In reply to: Adarsh Sharma (#1)

Re: Error while loading sql file

On 26 Dec 2011, at 8:22, Adarsh Sharma wrote:

Dear all,

I am facing a unique issue when I try to load an sql into a postgresql database :-

Actually, your issue isn't unique at all. You'll find it reoccurs on this list regularly, although perhaps less frequent these days.

I faced an issue some days ago & I solved the issue by the below command :
cat backup.sql | recode iso-8859-1..u8 > backup.sql

That command assumes that every string in the sql file is encoded as iso-8859-1 (unless it already is unicode).
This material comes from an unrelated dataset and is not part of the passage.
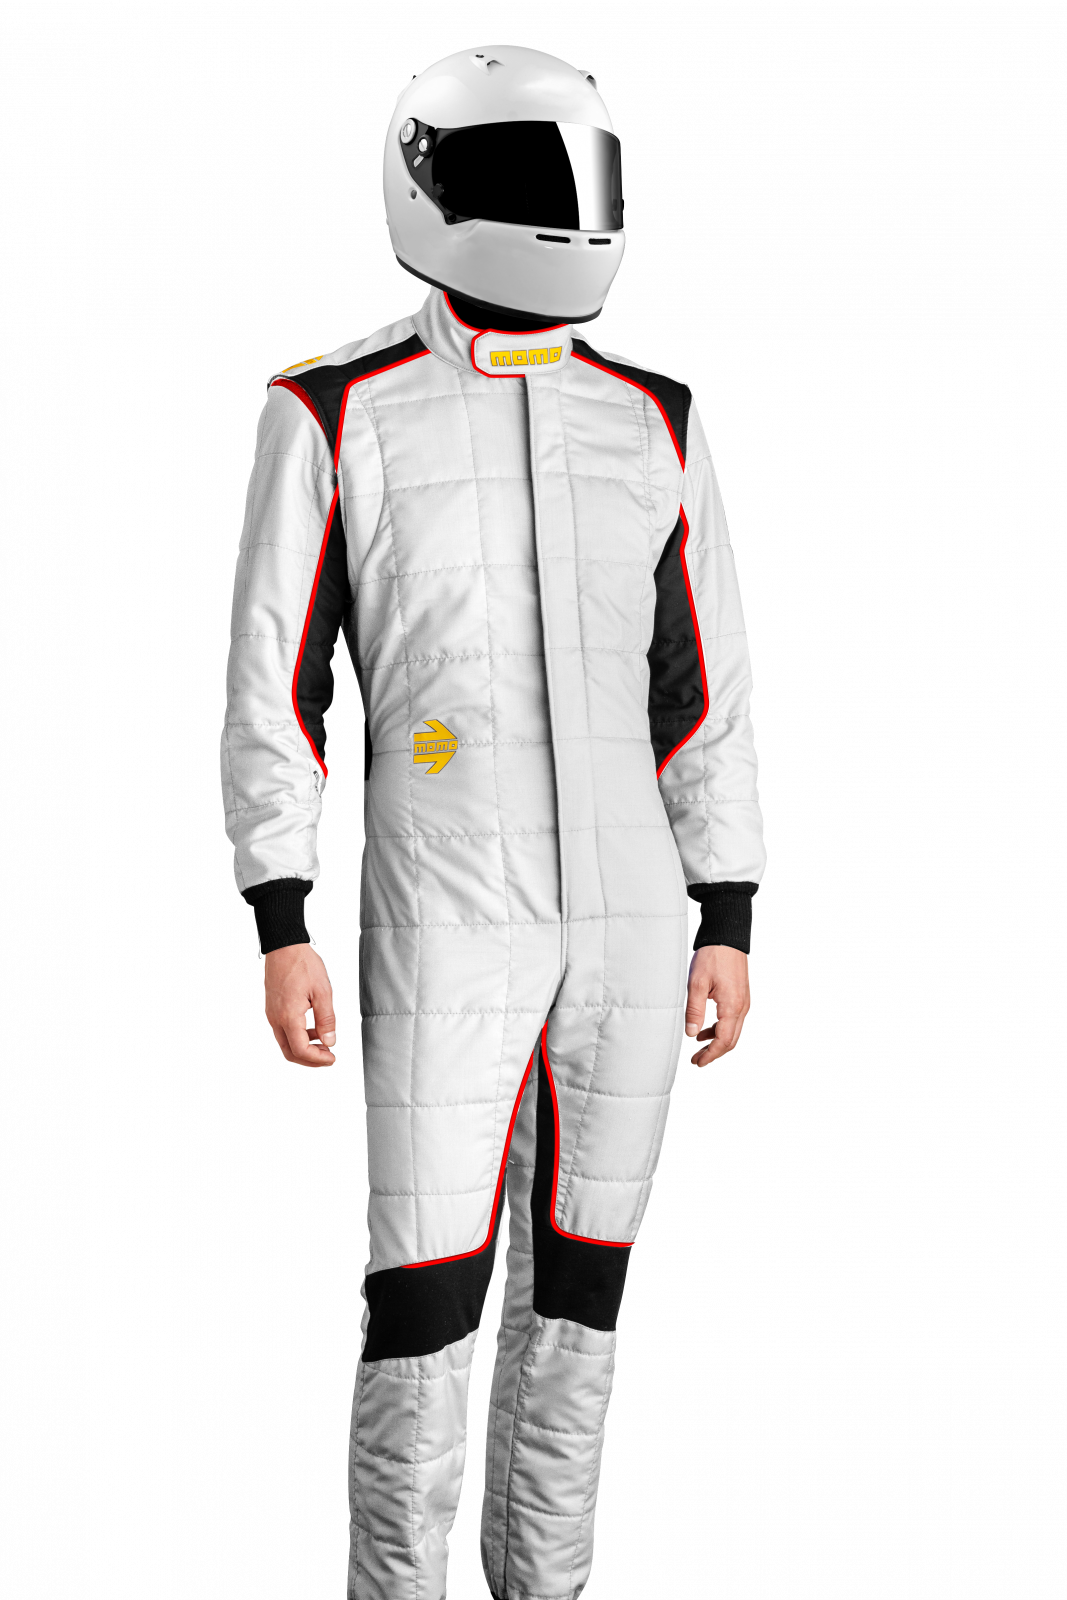 MOMO Corsa Evo White Size 58 Racing Suit TUCOEVOWHT58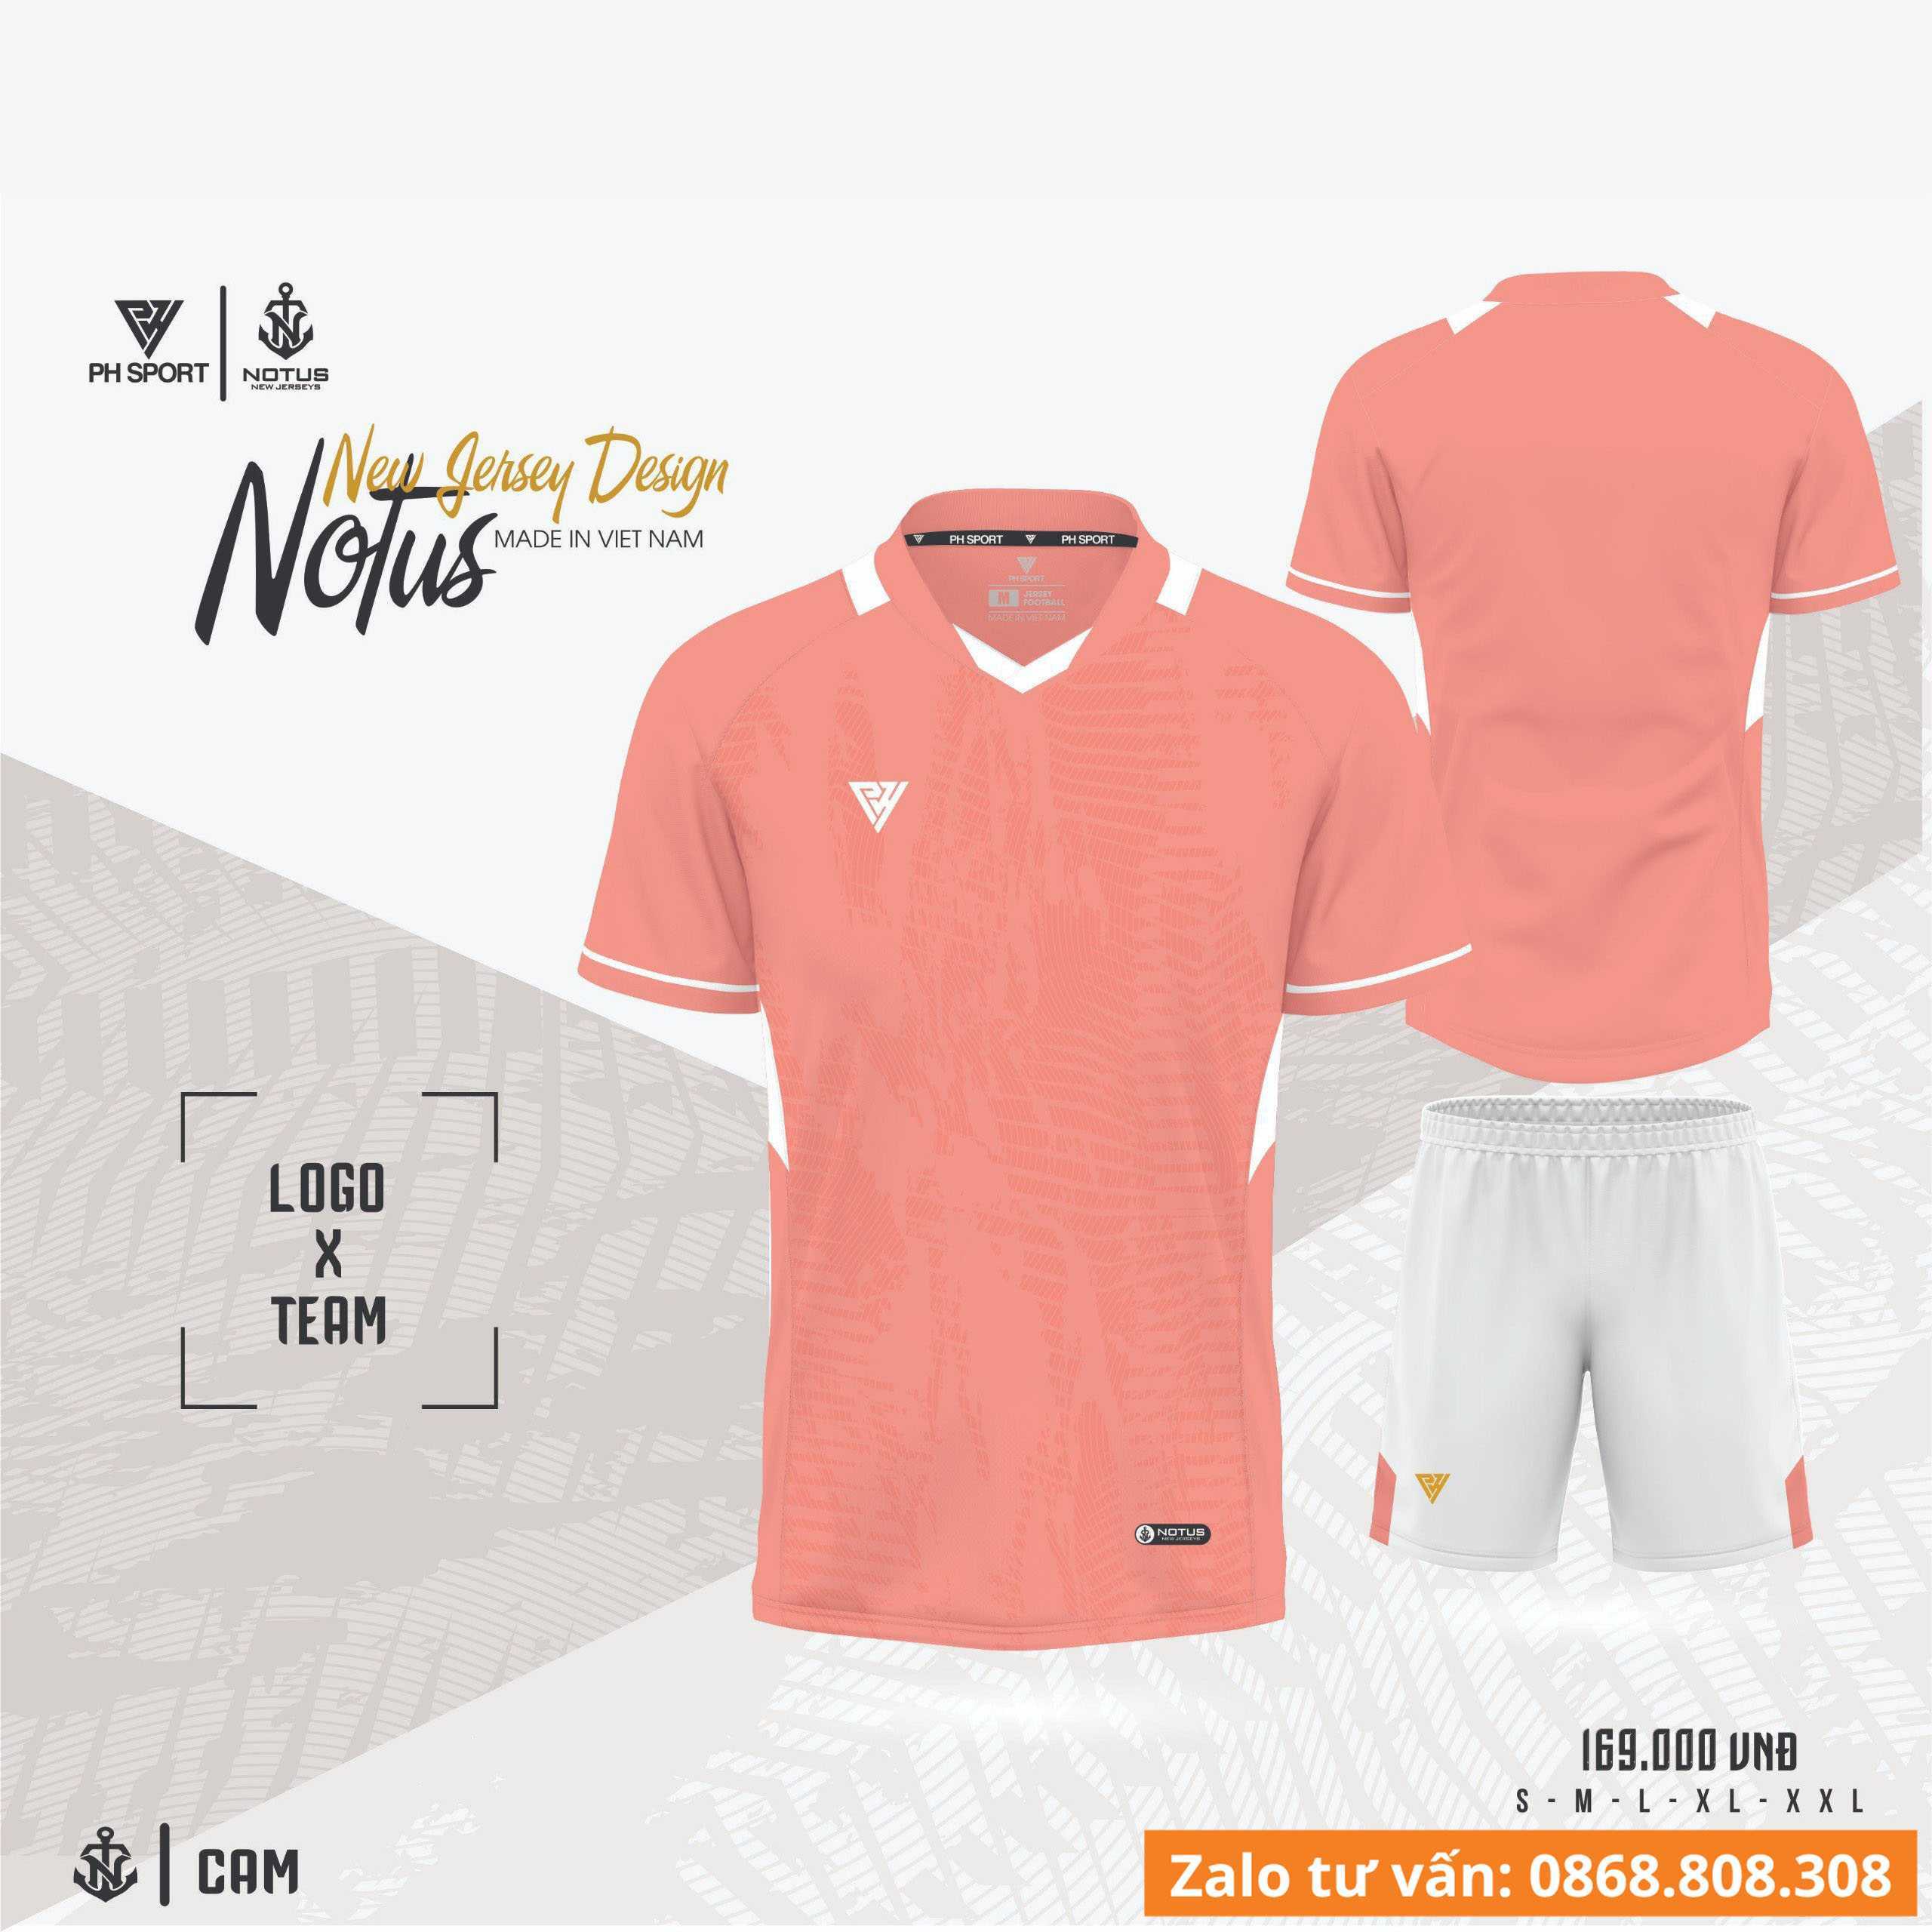 Bộ quần áo bóng đá phủi thiết kế áo đá banh mã Notus chính hãng S2 Sport nhiều màu cam hồng

But this time the byte sequence changes to Japanese , & I fail to solve the issue. Please let me know how to solve the issue as typing the error in Google shows only one link:
( http://blog.e-shell.org/134 )

The above recode command works for the guys in the blog post you linked, as they were converting a database with Spanish data to UTF-8. They knew what encoding they were coming from.

In your case, you have a mixed bag of encodings, going all the way from latin encodings to japanese.

I'm not sure what recode would do to data that's in a different encoding than the specified source encoding - I expect that it will just assume it's in the specified source encoding (it cannot know that this isn't the case for a particular string) and attempt to convert it to UTF-8 _using that encoding_.

Chances are you just converted valid data in a different encoding (than the source encoding you specified) into garbage in UTF-8... I seem to recall that if recode runs into problems recoding a string to UTF-8 it will leave it untouched, but that will NOT happen in all cases. Sometimes it will succeed, even though the result has no meaning to a human.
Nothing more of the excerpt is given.